Machines want to talk to us

Smart speakers they're a little scared. There are no longer any anecdotal errors that led to these sinister laughs, but because of their use it is not clear what kind of security affects the interaction with these devices.

We are around technology that listens to us, but not satisfied with the transfer of mobile mobile devices everywhere, now also smart speakers accompany us at home, and this is not the only element in which the voice assistants are. Smart clocks and various solutions that we could include in the segment of the Internet can also use these changes.

The problem (if we do it in this way) is the feeling that these products always listen to us, which endangers our data security. and our privacy. This happened, for example, with this private conversation that Amazon Echo shared random contact error, but this kind of situation is an exception rather than a rule.

In this way it is like voice support always looked at us, although in fact the producers at our disposal have enough information to understand what these assistants are doing with these data.

It acts as a voice assist

Similarly, smart speakers and other products that use voice assistant capacity also work: they are activated with the name that awakens them, which means that these assistants are actively awaited: they always listen, but they pay attention only from the moment they hear this esoecial name (Hei Siri, OK Google, etc.) Is a small activation phrase.

Google assistant When I ask Google Assistant on my Android phone, if he's spit on me (he asks the question, but he answers as if it were a question) his answer was that.

To carry out this active standby function, these assistants constantly listen to us and make small entries with the words they hear and try to recognize.

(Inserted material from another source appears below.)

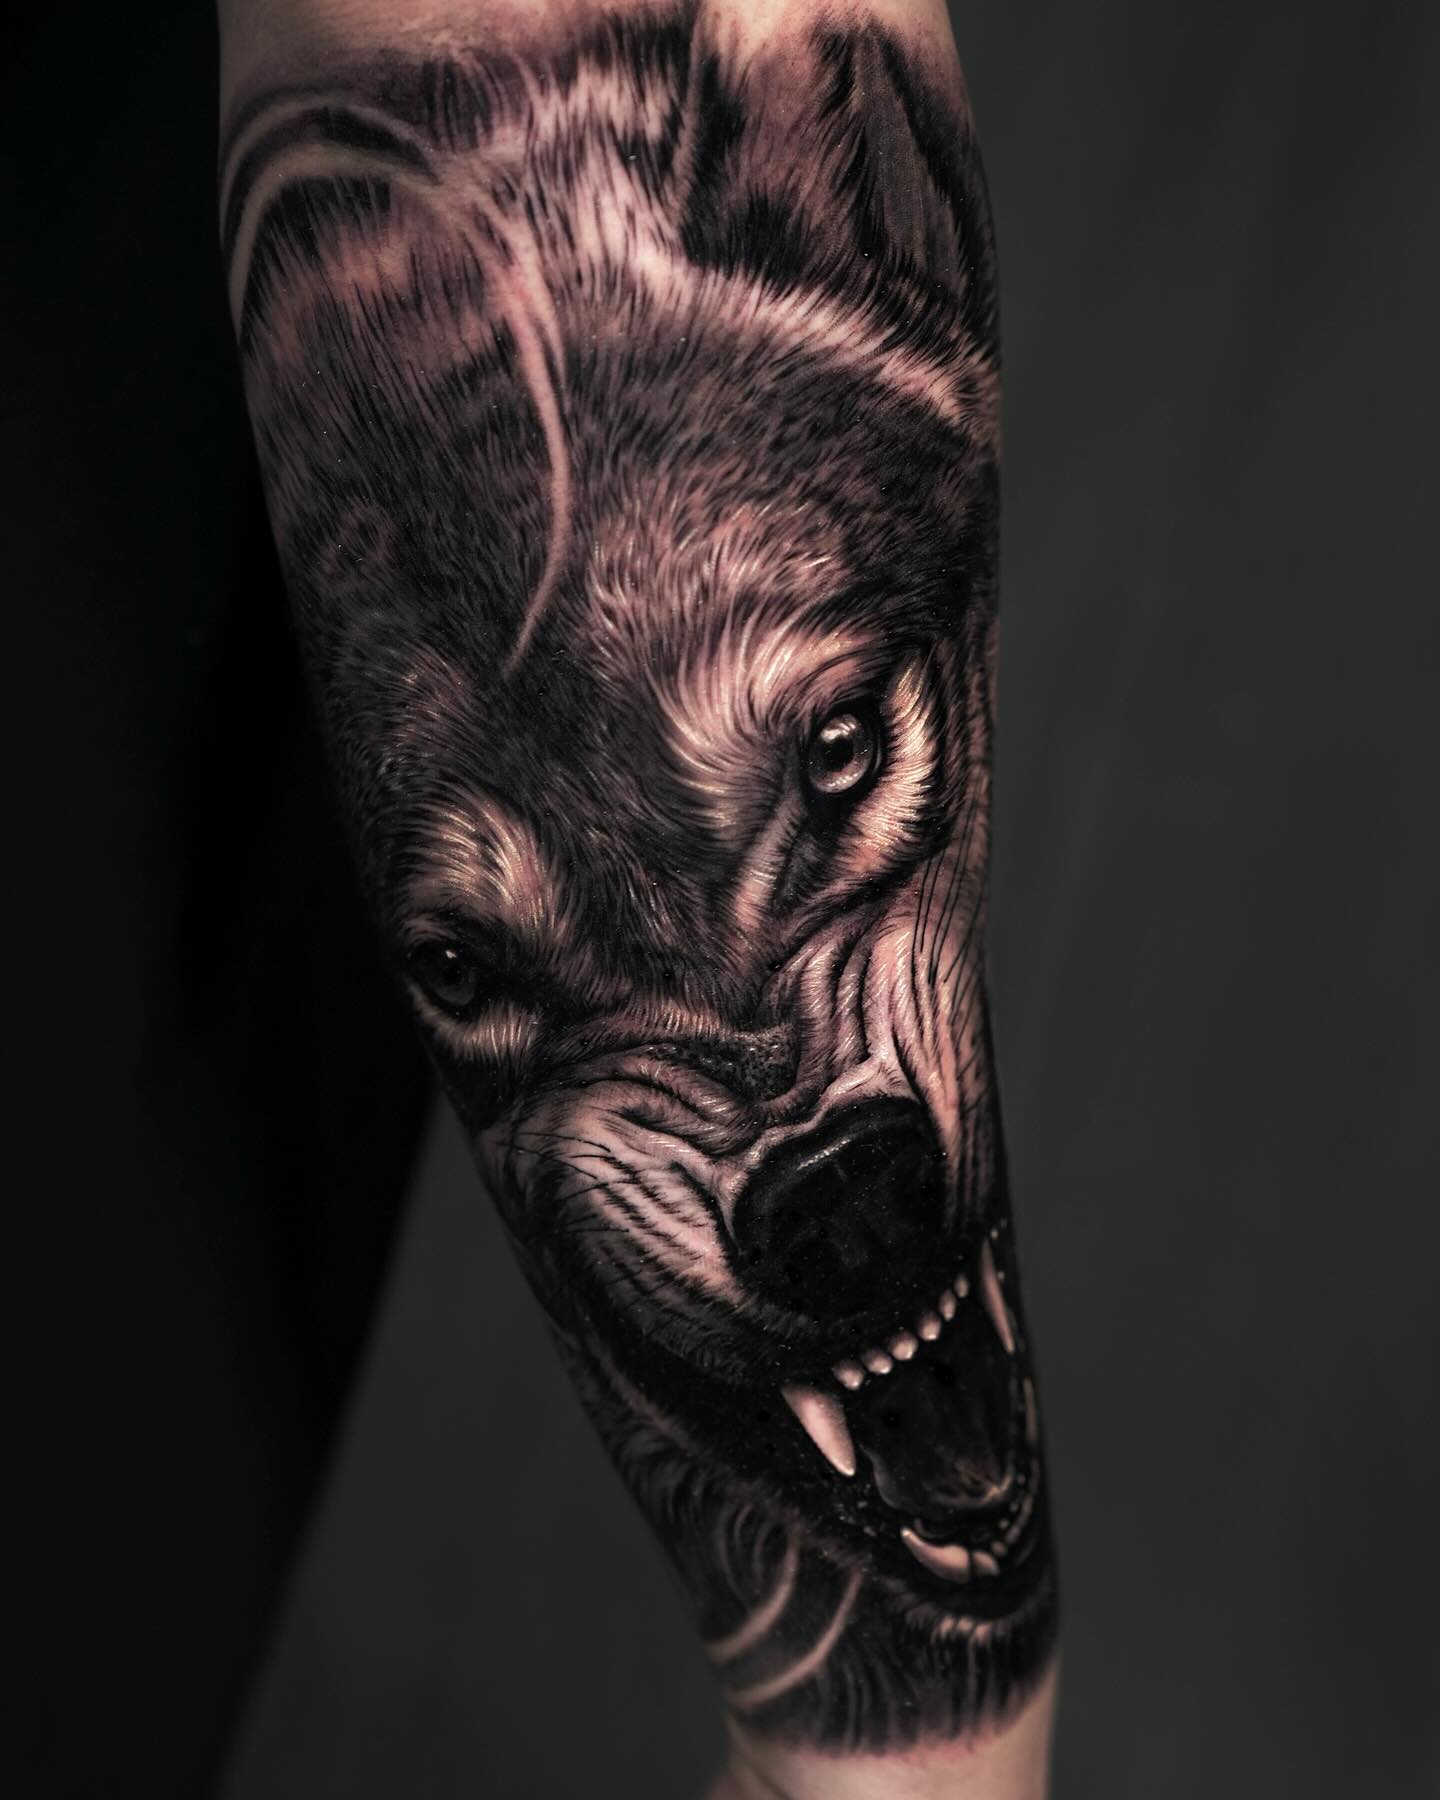 Angry wolf tattoo by Deborah Pow - Tattoogrid.net

If this activation word or phrase is activated, the device saves the recording to handle it. but if this is not the case, this entry is fixed.

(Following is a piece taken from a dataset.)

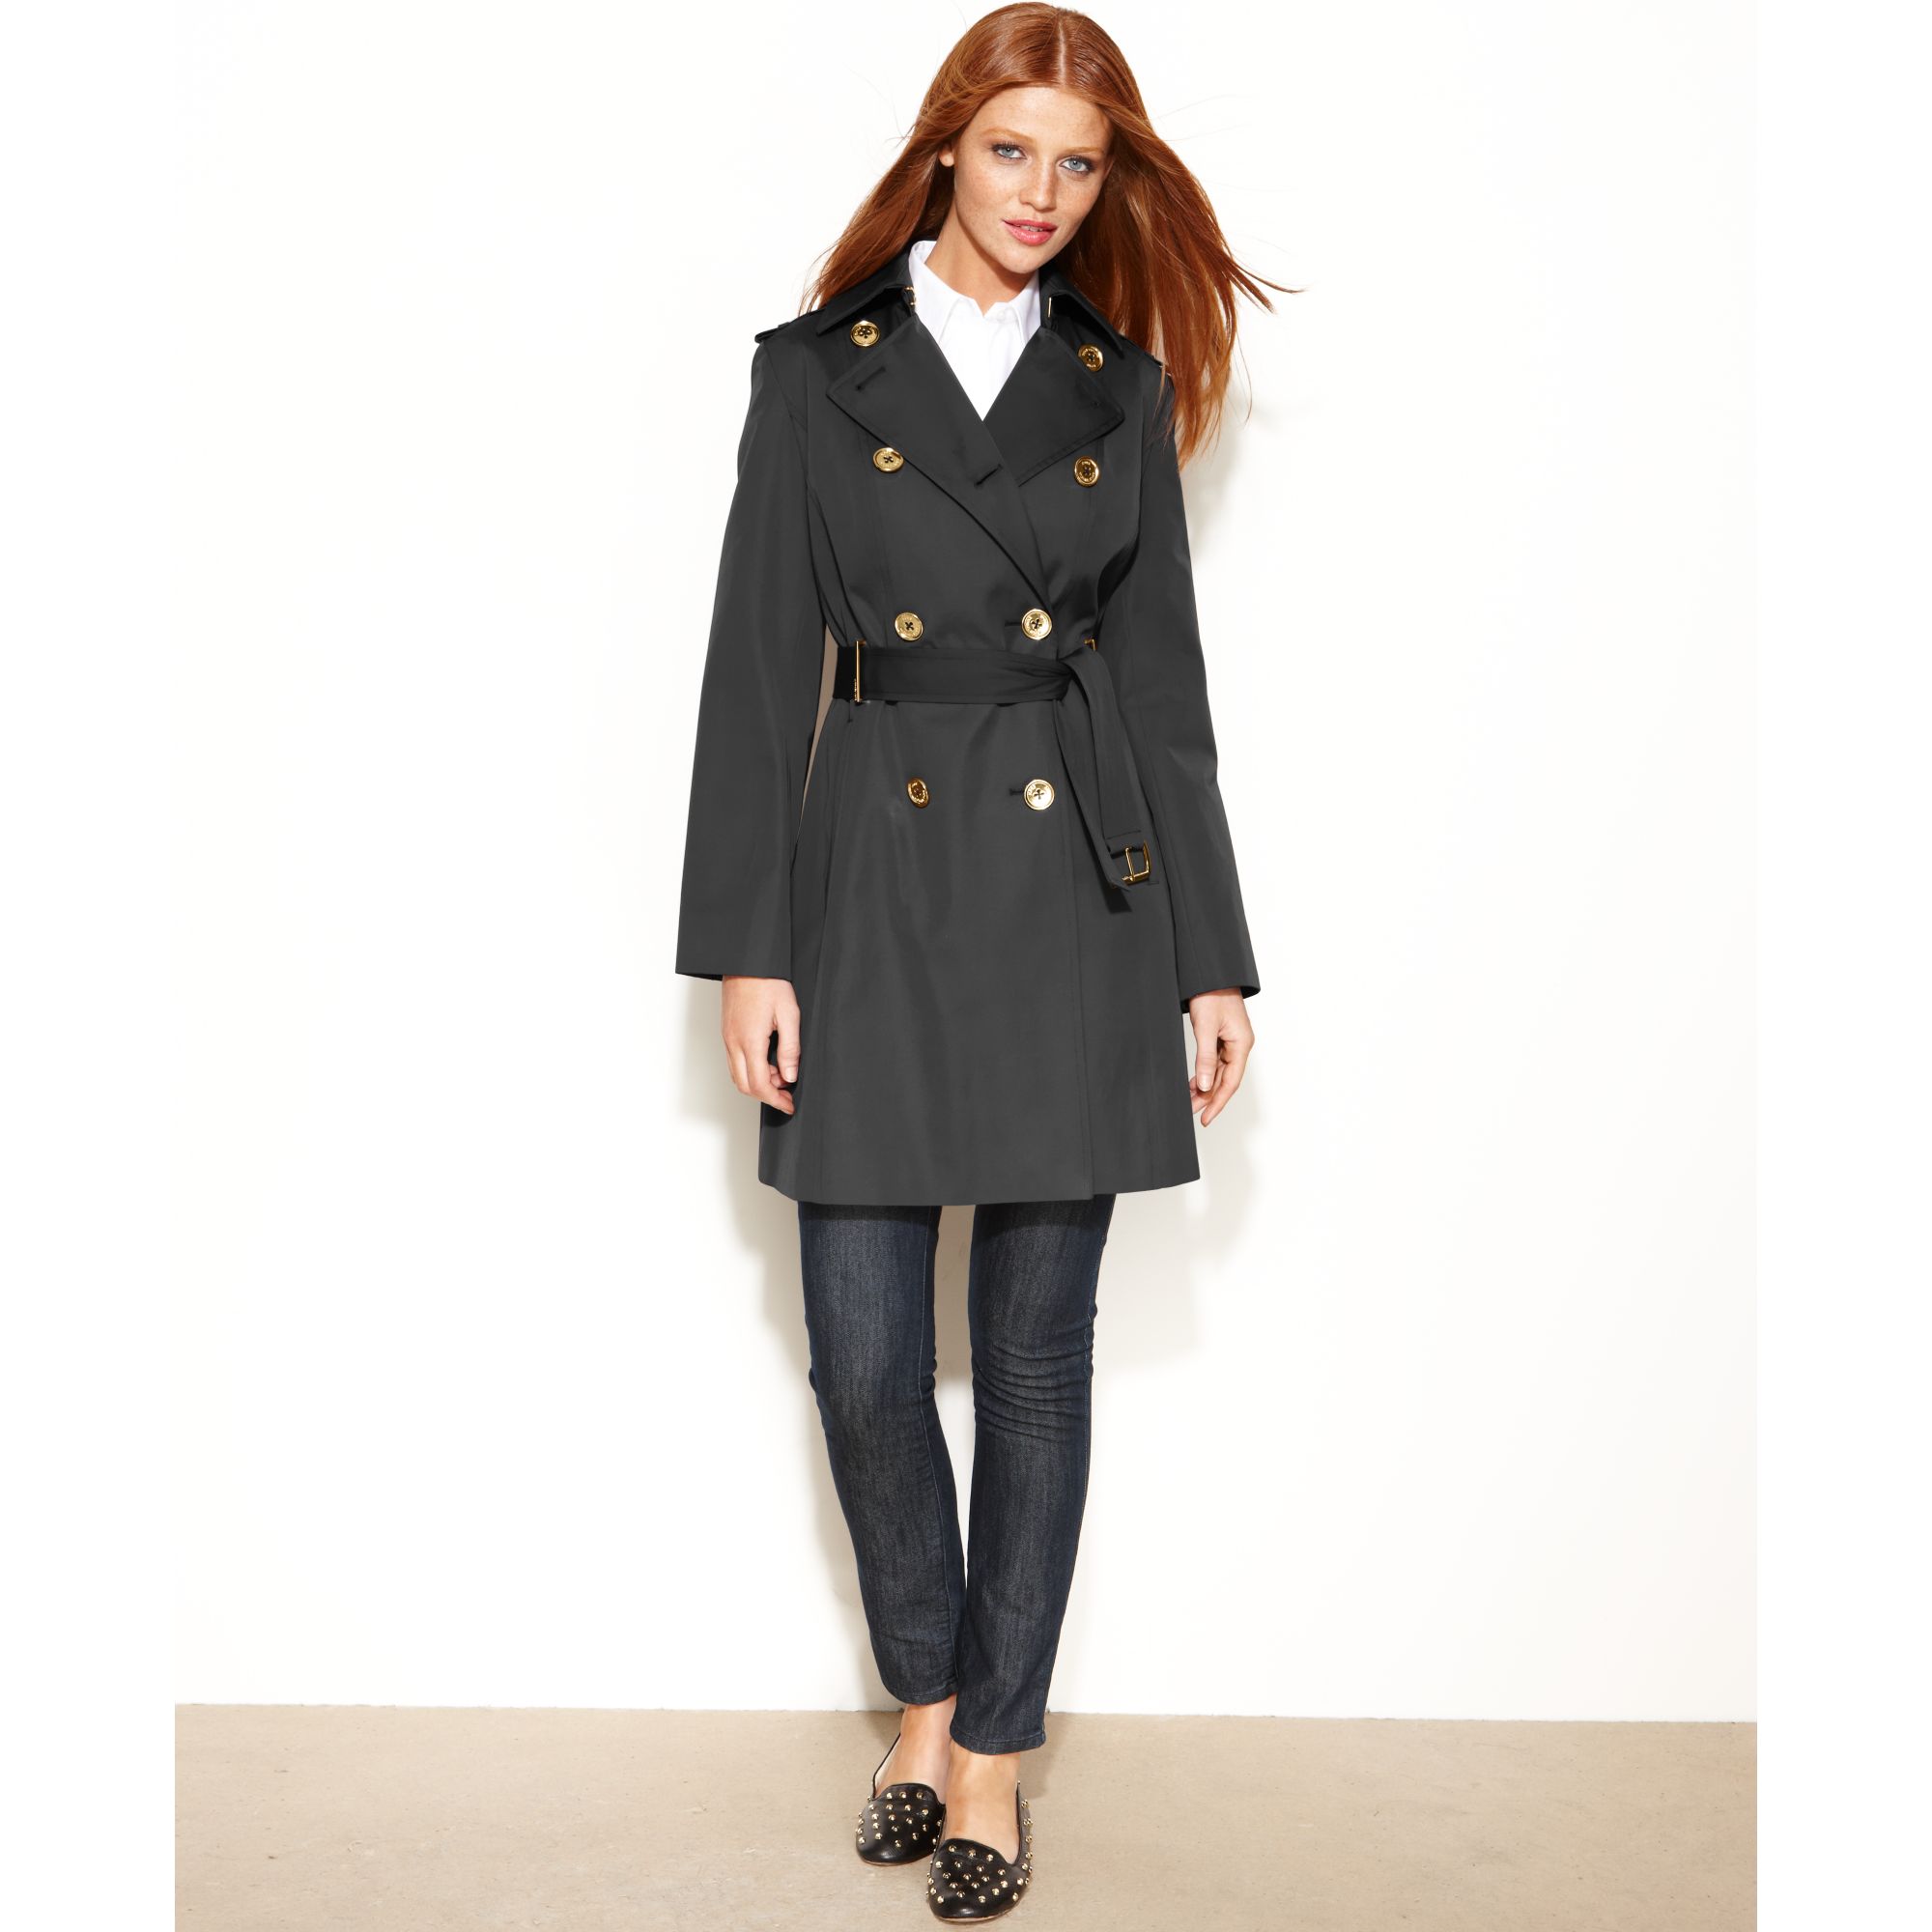 Lyst - Michael Kors Double breasted Belted Trench Coat in Black

When we activate the voice assistant, yes, the data transmission starts, and here it is important to point out that again we are dependent on the cloud: this conversation and these questions or orders are not processed on the device as such, but transmitted to the server that interprets them, processes them and provides an answer that our assistant simply cares about making us loud (of course, synthesized).

So our voice it is not stored locally on the device, but it comes to servers that manufacturers of these devices and developers of these aids (Google, Apple, Amazon, Microsoft) have prepared all this huge language recognition work.

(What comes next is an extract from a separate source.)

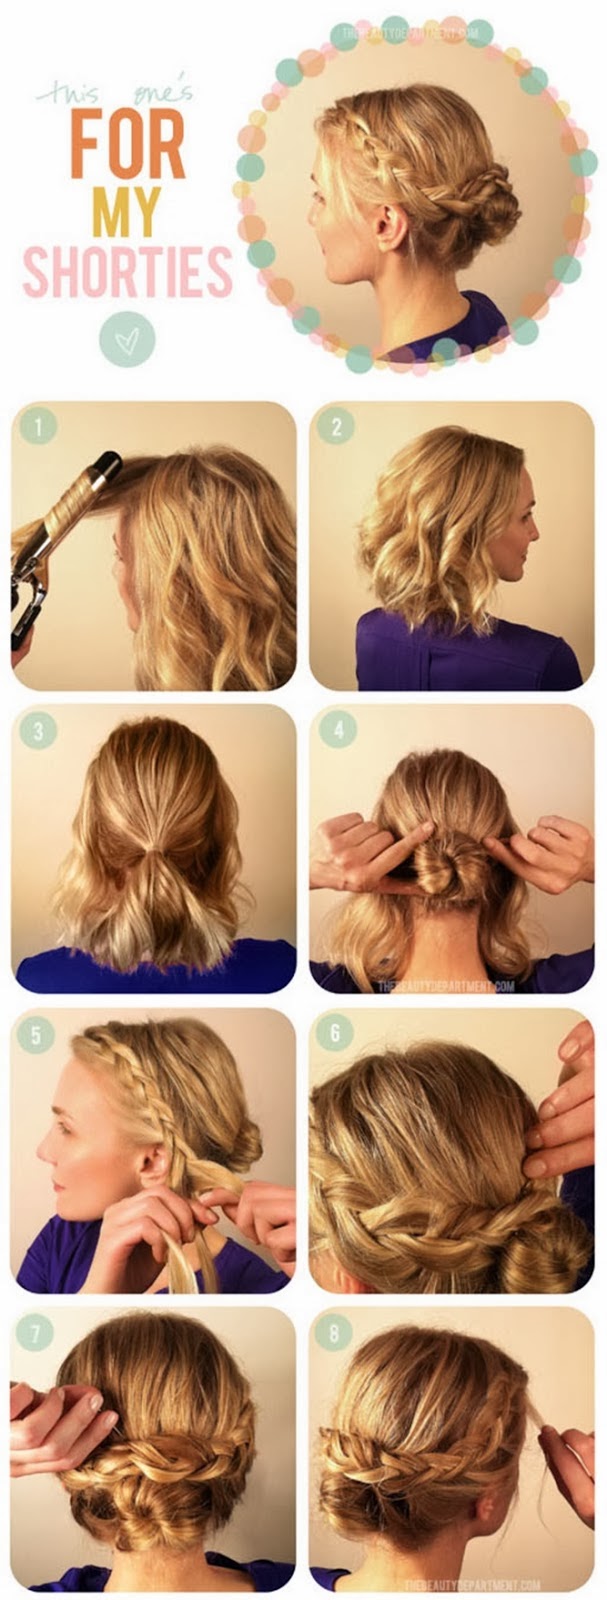 Braided Hairstyle Tutorial for Women

But What data is actually transferred to these servers? What do these companies do with these data? What can we do with it? What we think is important to clarify, and we will do it separately for each of the four major voice assistants in the current market.

Google assistant

What do you collect and for what purpose?

It is important to note that the voting aid is available, for example, in 2007 Google does not initially record all our conversations. Instead of helping an assistant to "listen to small snippets" from a few seconds to determine if the activation phrase has been spoken. If not, these passages are deleted and this information is not left on your device until you hear an activation phrase. "

Google start

Google Home Help is informing us about the information collected by the Google Home Appliance. In fact, there is a special section that shows the collected data and it They are divided into three groups.

The first part contains data intended to improve performance and reliability from the device, such as the stability of the Wi-Fi network, detection success or latency percentages.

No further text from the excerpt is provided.